C’era una leggenda che circolava tra gli uomini e le donne delle missioni impossibili: Massiccione ha guidato una bicicletta per centottanta chilometri con la ruota frenata. E ieri si è scoperto che non era mitologia, ma storia. “Tutto vero – ha detto Zanda – mi è venuto il dubbio quando anche in discesa era effettivamente troppo dura”. Le altre imprese sono state raccontate da chi, come Zanda, ha rischiato e rischia per andare dietro a sogni e record. Sirena, romagnolo ma sardo d’adozione, ha spiegato che cosa sta cambiando nel mondo della vela, con le barche che volano a quaranta nodi, “Prima andavamo a bordo – ha detto – in maglietta e pantaloncini, ora, anche per la sicurezza, sembriamo degli astronauti. Se una barca, a quella velocità, si ribalta, si rischia grosso”. Sport e imprese che si mischiano. Serena ha raccontato dei suoi corsi di apnea, la specialità di Chiara Obino.

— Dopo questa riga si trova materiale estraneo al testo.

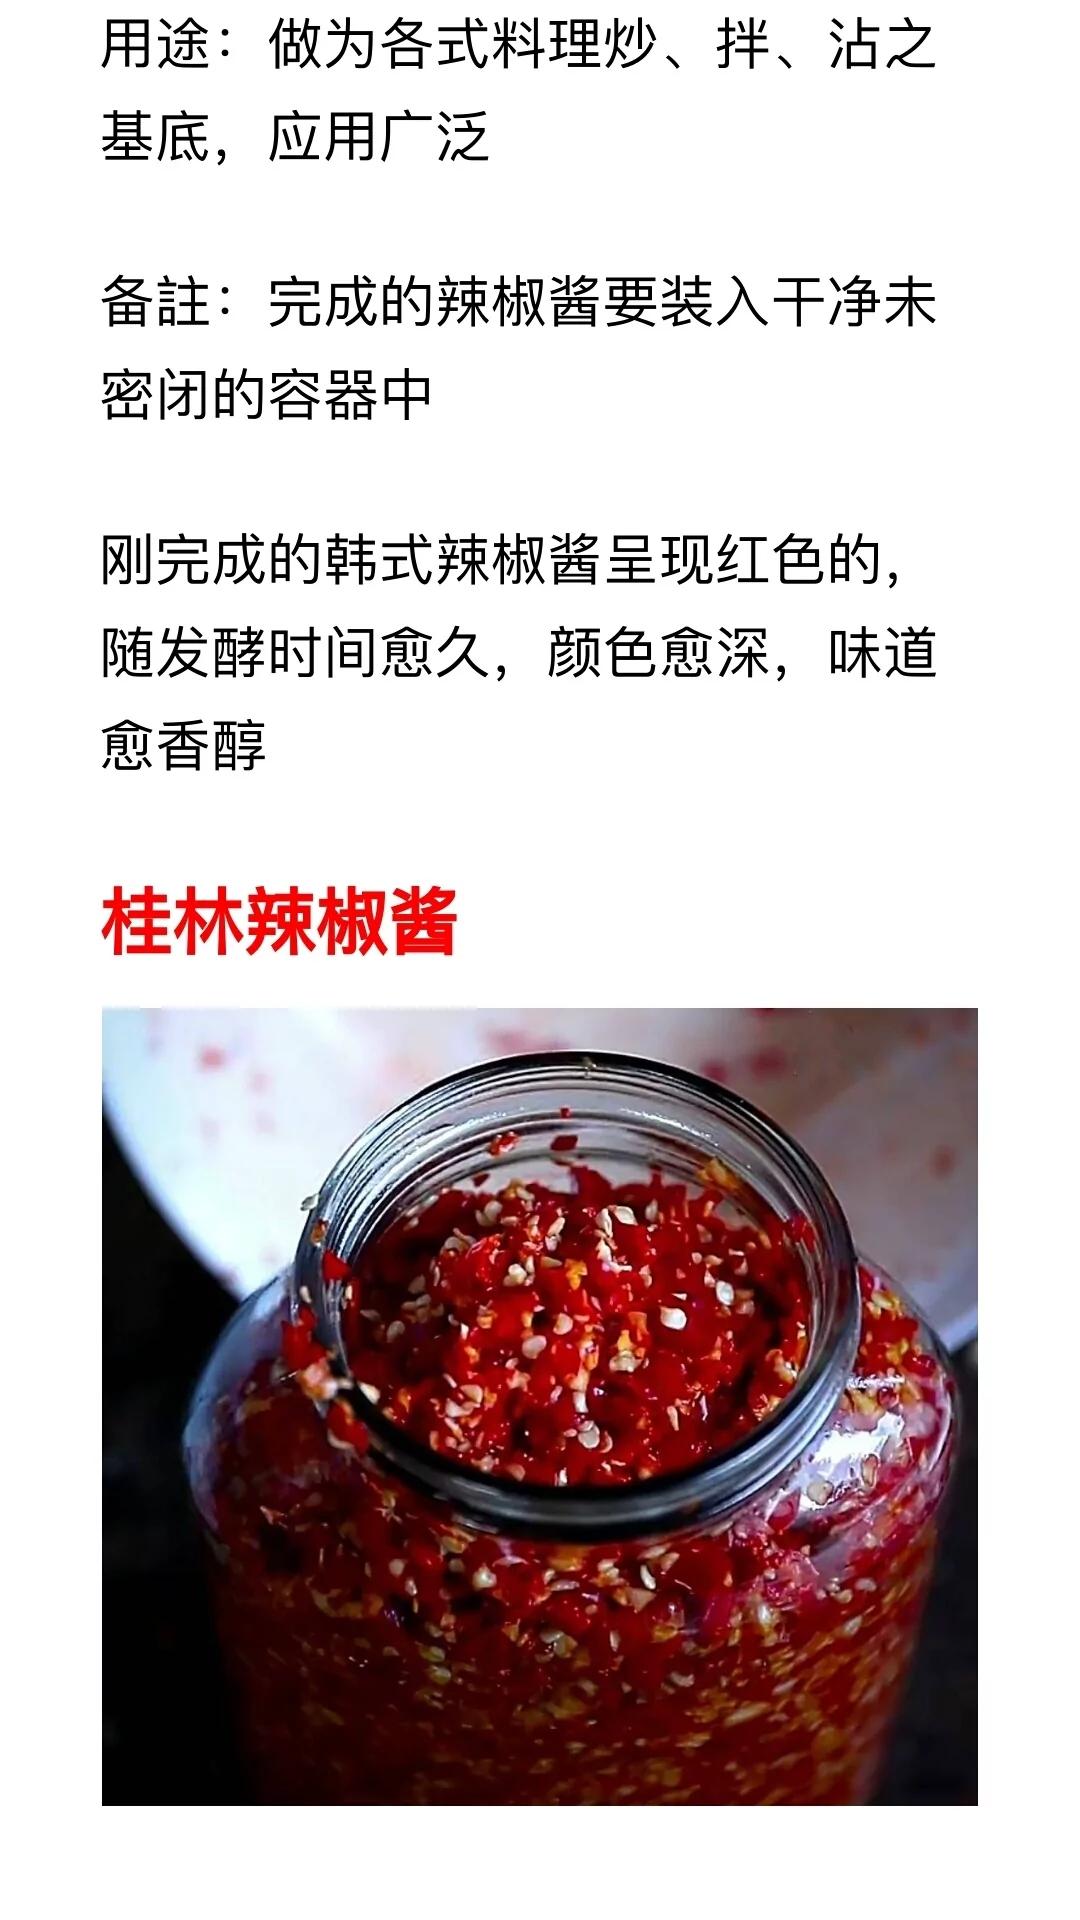 辣椒酱的做法及配料 美食做法 第6张

“A noi può capitare di andare sott’acqua senza preavviso – ha raccontato – facciamo prove in piscina anche bendati”. I segreti per raggiungere le mete più difficili. “Anche gli allenamenti sbagliati – ha raccontato – quelli che ti dovrebbero buttare giù. Ma è un tranello nel quale non si deve cadere: non si può essere sempre al massimo. E magari il momento giusto si trova proprio in gara”. Angelo Lobina, spesso alle prese con Himalaya e montagne in Alaska e Antartide, ha parlato di una tattica che è un po’ alpinismo, ma un po’ anche saggezza e filosofia: “Di fronte a un ostacolo improvviso – ha spiegato – mi concentro sul piccolo, distogliendo sguardo e pensiero dalla meta finale. Più giusto pensare a come passare la notte durante la bufera che alla cima da raggiungere”. Ma anche partire in tremila allineati per una gara di triathlon è un’esperienza che fortifica. “Può essere anche pericoloso – ha detto Giuseppe Solla – per questo molte organizzazioni stanno usando degli accorgimenti. Ma succede ancora: si lotta, ma bisogna anche stare attenti a non fare male agli altri. Lo sport è lealtà”.